(YOUR GOAL):
The response should be the records below, repeated exactly, with each picture left out.

(DATA PROVIDED):
● ● ● ●

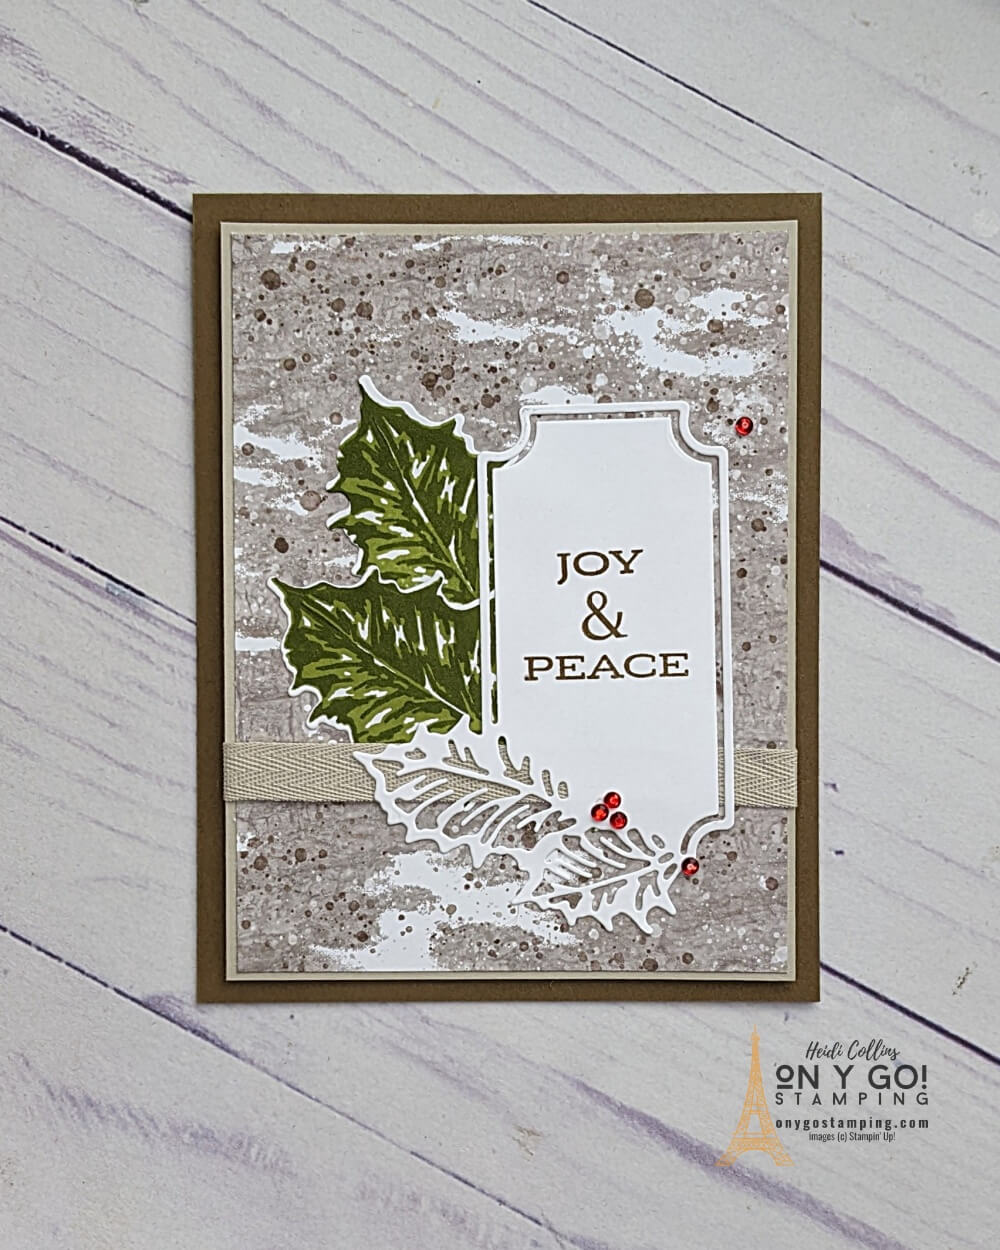 Want to make handmade Christmas cards that are elegant? The Leaves of Holly stamp set, coordinating dies, and Boughs of Holly patterned paper from Stampin' Up!® makes it easy.
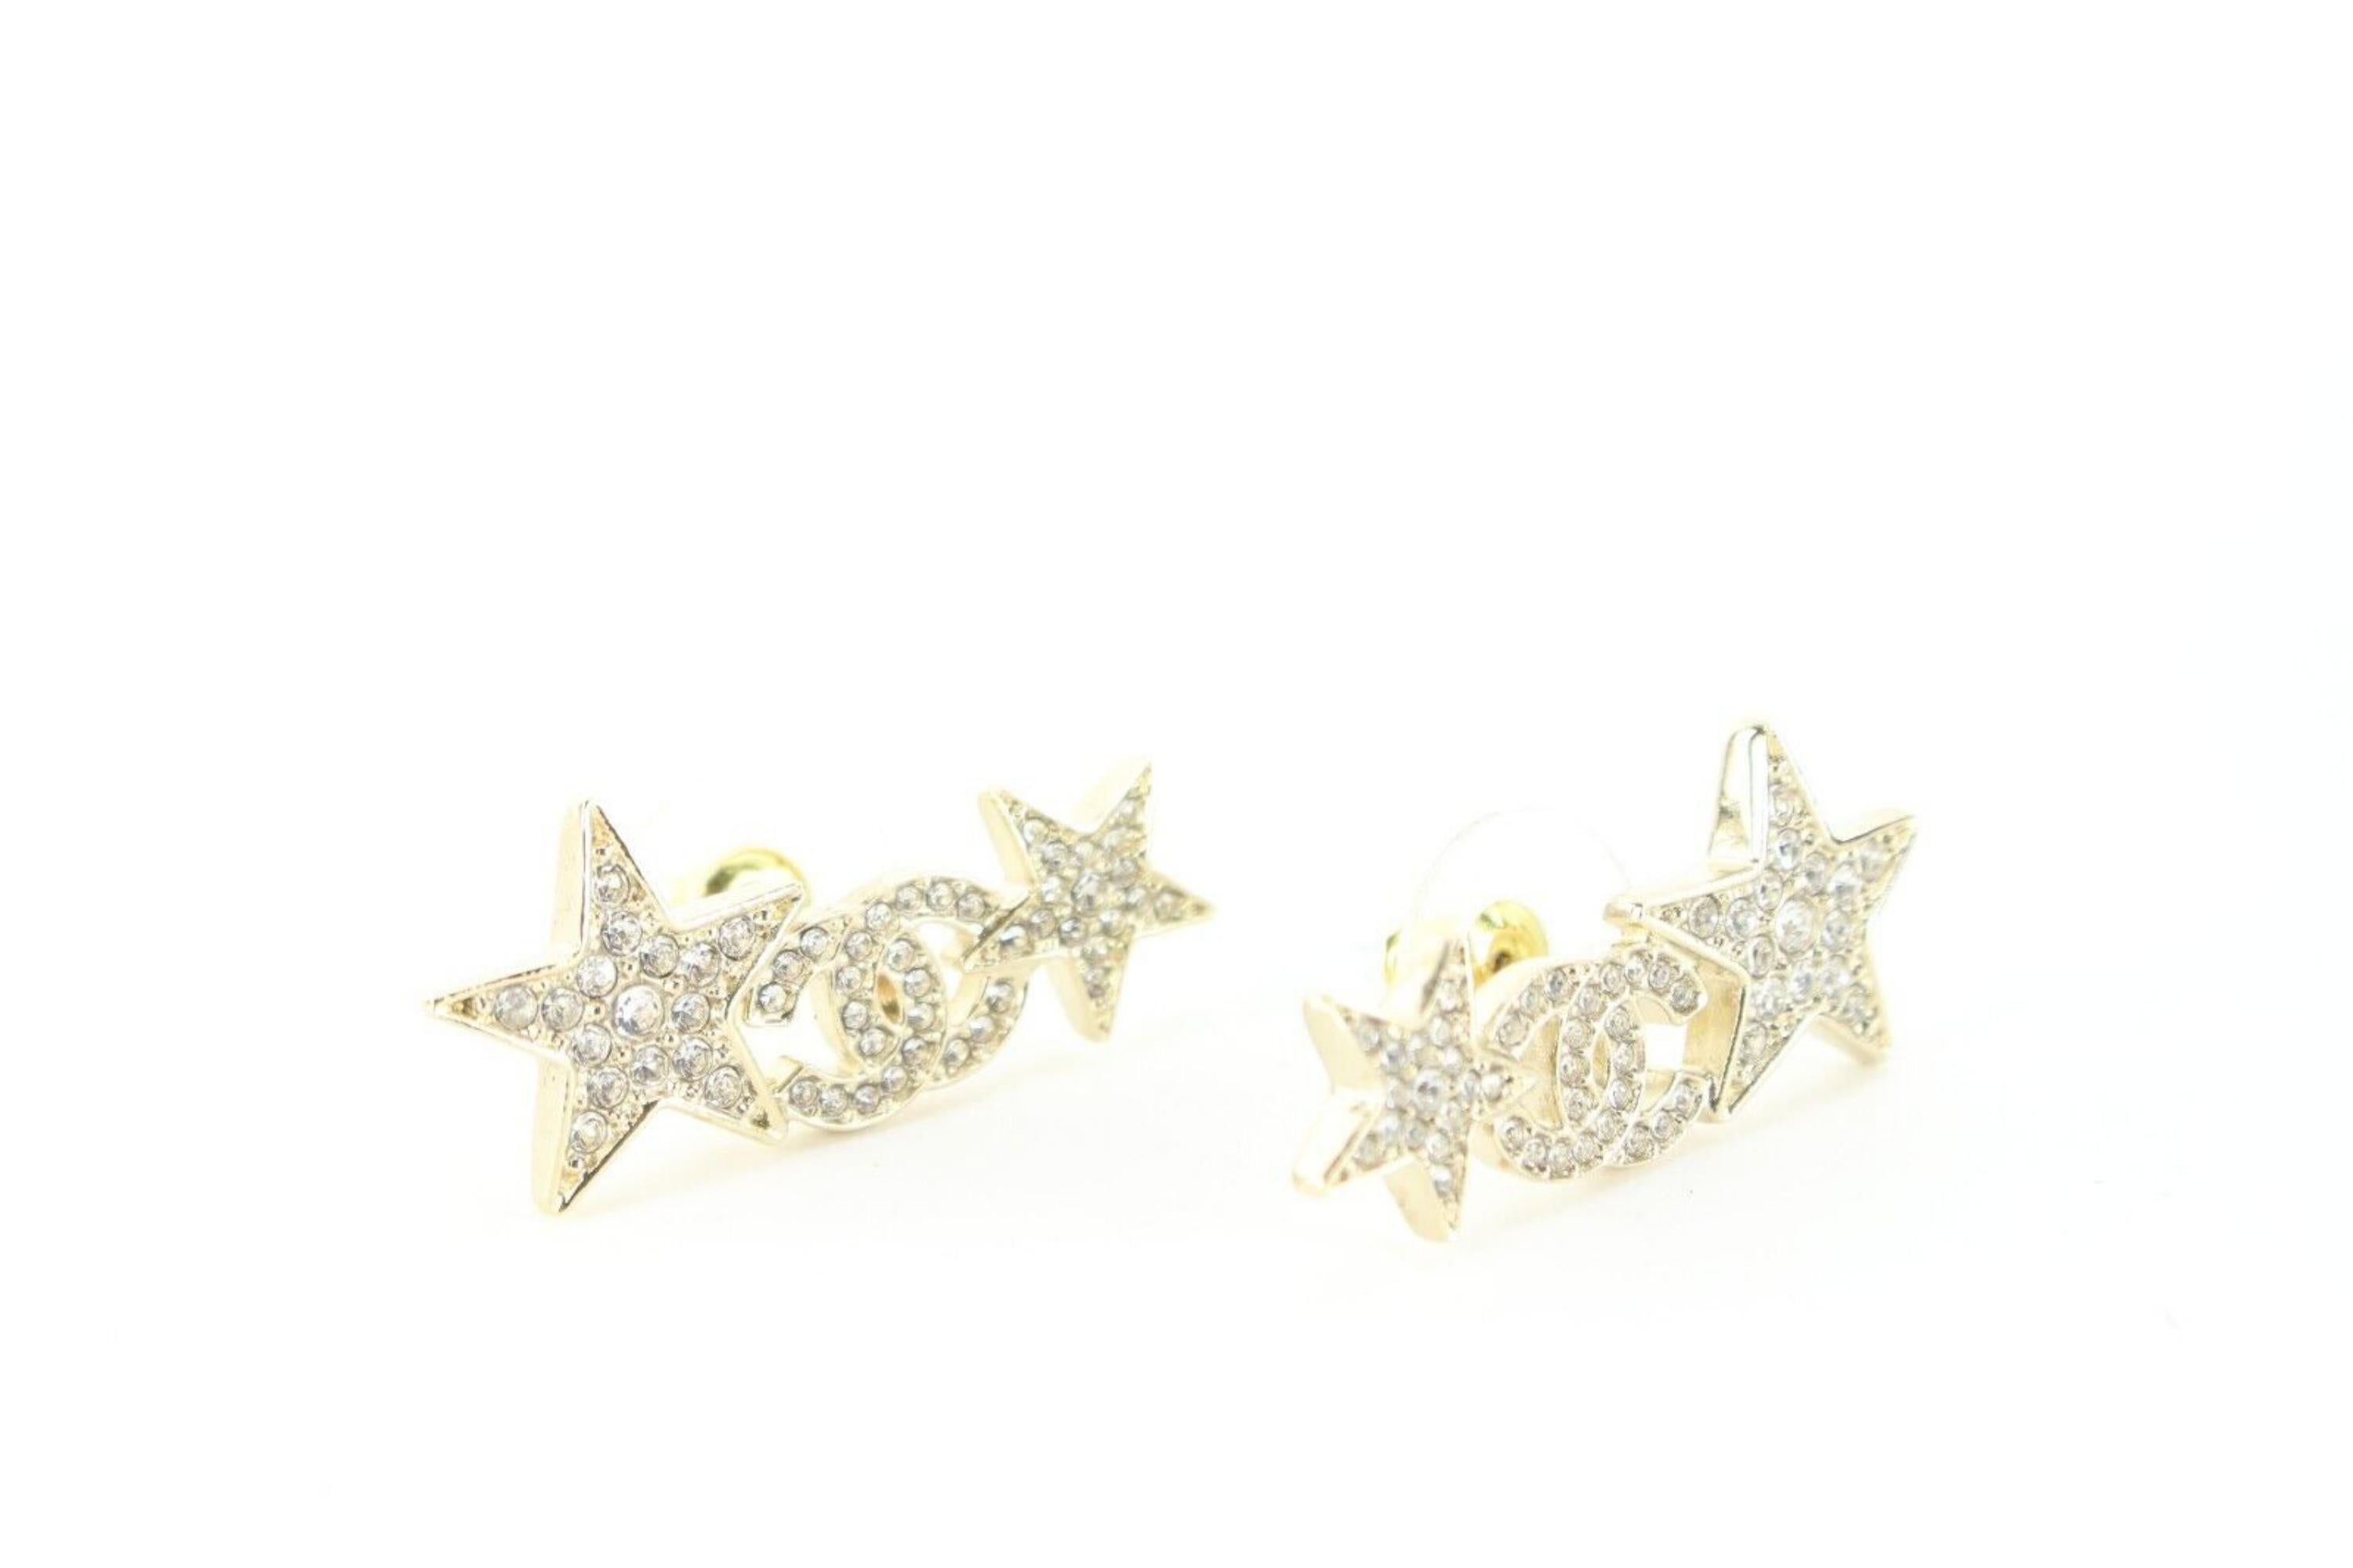 Chanel 23C Star CC Crystal Pierce Earrings 6CJ1229
Date Code/Serial Number: B23

Made In: Made in Italy

Measurements: Length:  1.5
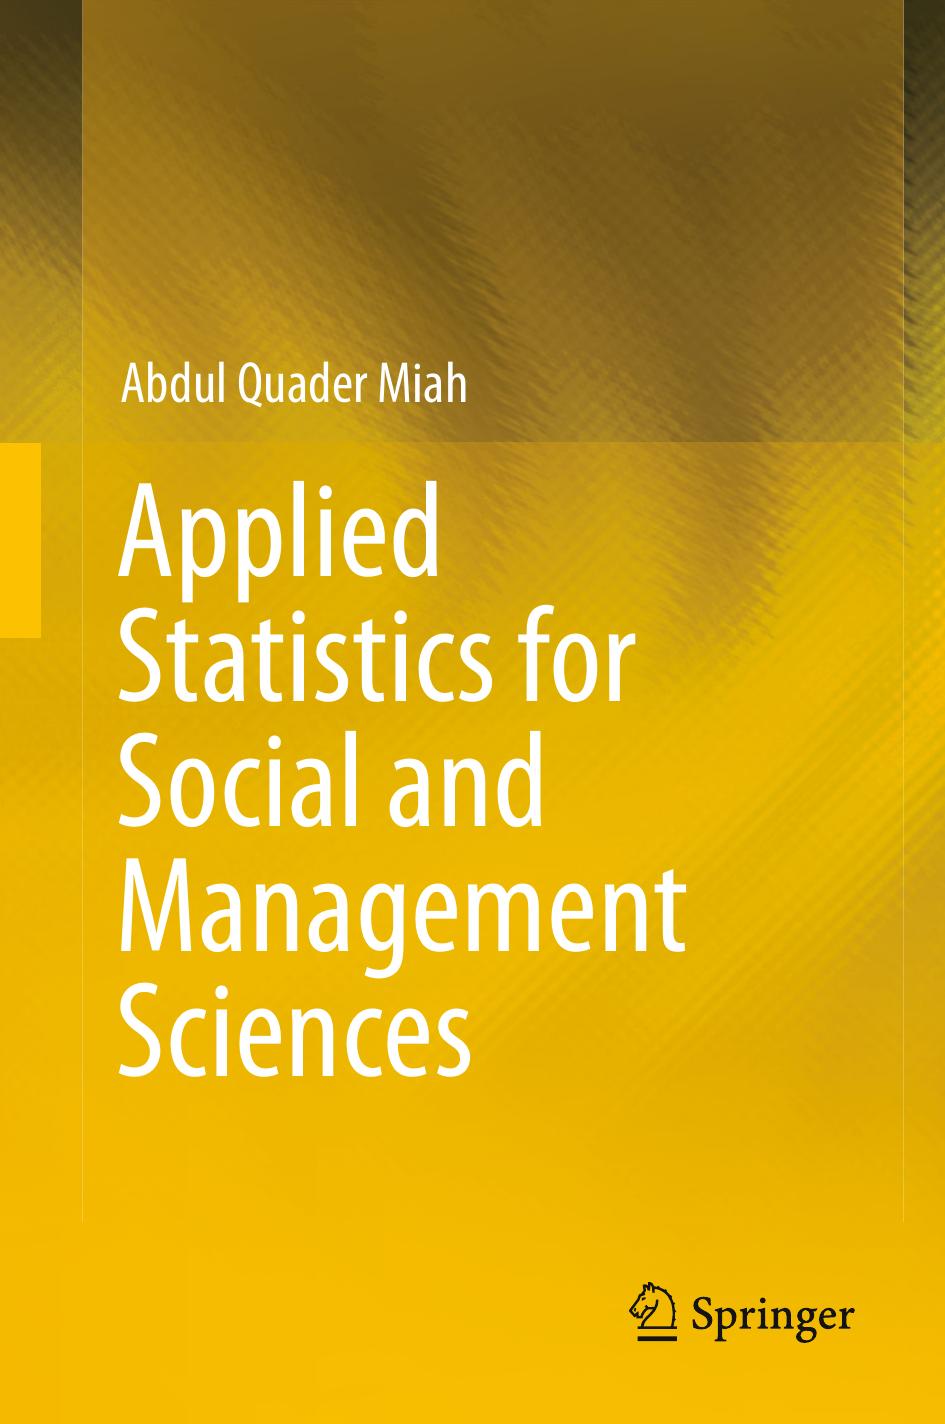 Applied statistics for social and management sciences 2016

● ● ● ●

(SOLVED EXERCISE):
 Want to make handmade Christmas cards that are elegant? The Leaves of Holly stamp set, coordinating dies, and Boughs of Holly patterned paper from Stampin' Up!® makes it easy.
 Chanel 23C Star CC Crystal Pierce Earrings 6CJ1229
Date Code/Serial Number: B23

Made In: Made in Italy

Measurements: Length:  1.5
 Applied statistics for social and management sciences 2016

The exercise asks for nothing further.